## pig的數(shù)據(jù)類型
###1:基本數(shù)據(jù)類型
?###2:復(fù)雜類型(map废岂、 tuple创倔、 bag)
? ??2.1 map: 是一種chararray 和數(shù)據(jù)元素之間的鍵值對映射畏纲。
? ? 2.2 tuple 是一定長的碗短,包含有序pig數(shù)據(jù)元素的集合裹赴。(一個tuple相當(dāng)于sql中的一行羡忘,而tuple的字段相當(dāng)于sql中的列睛低。)
? ??? ? ? ? ??tuple常量使用圓括號來指示tuple結(jié)構(gòu)案狠,使用逗號來劃分tuple中的字段。如(‘bob’,55)
? ? 2.3?bag:是一個無序的tuple集合钱雷,因為它無序骂铁,所以無法通過位置獲取bag中的tuple。
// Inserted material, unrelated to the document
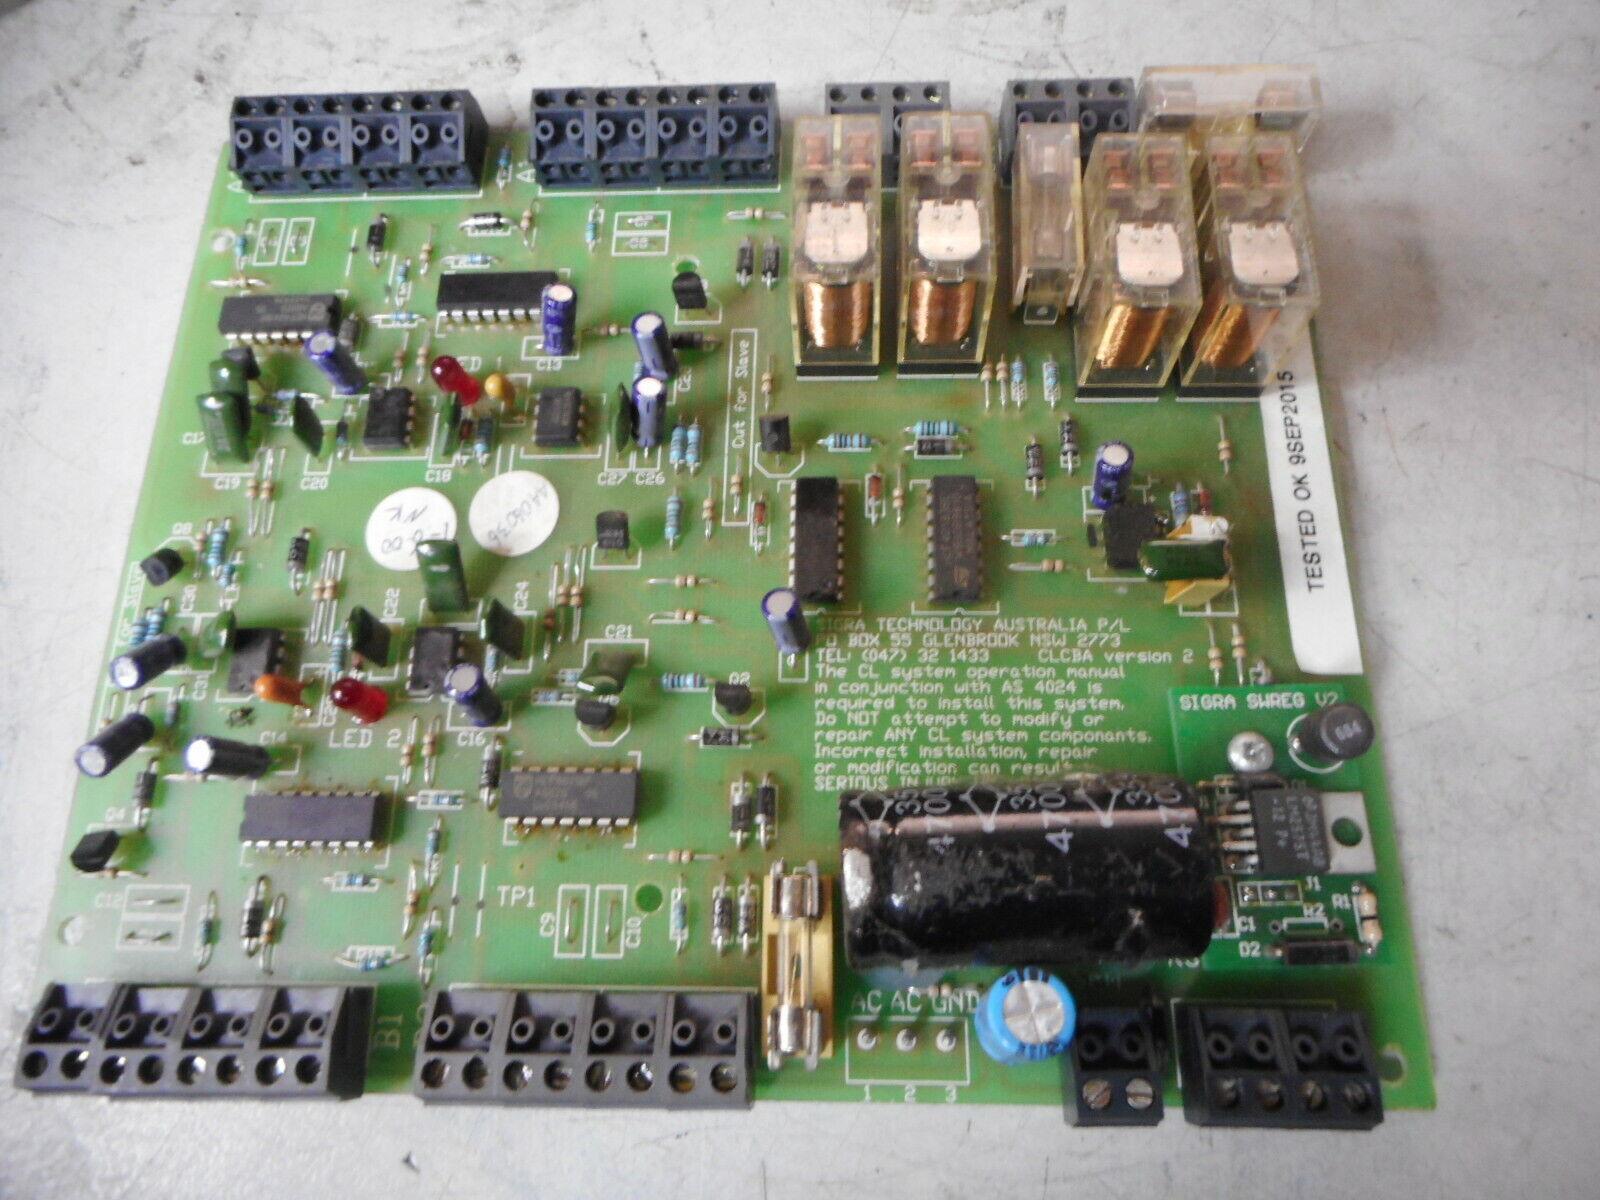 SIGRA OPTRONIC CLA LIGHT CURTAIN CONTROL BOARD -- CBA 77 240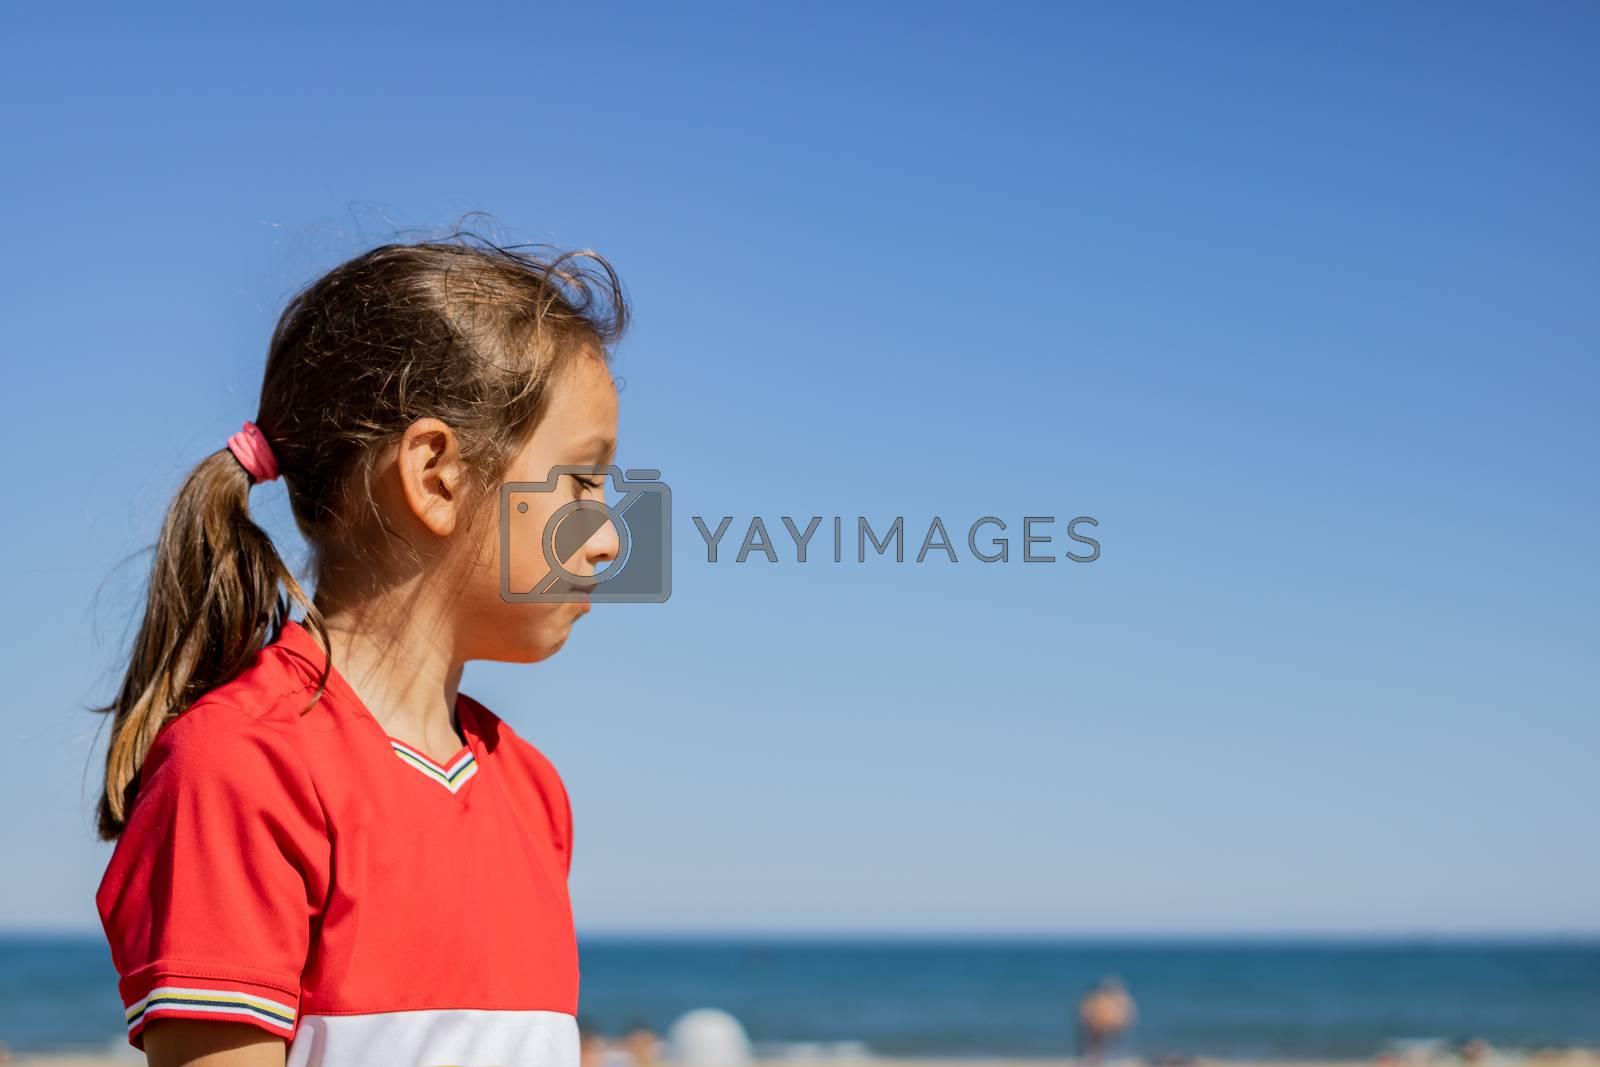 Little girl posing on the beach by Barriolo82

?
? ??? ??? ??? ??bag常量是通過花括號進(jìn)行劃分的罩抗,bag中的tuple用逗號來分隔拉庵,如{(‘bob’,55),(‘sally’,52),(‘john’,25)}。
? ###3 pig 與 數(shù)據(jù)庫表的對比
3.1 關(guān)系(relation)--> 表 ?:一個關(guān)系是一個包
3.2 ?包(bag)--> ? ? ? ? ? ?: 一個bag是一個tuple的集合套蒂,bag使用的是{}
3.3 ?元組( tuple)--> 行 ? ? ? ?:并不要求每一個“元組”都含有相同數(shù)量的字段钞支,并且也不會要求各“元組”中在相同位置處的字段具有相同的數(shù)據(jù)類型(太隨意了,是吧操刀?)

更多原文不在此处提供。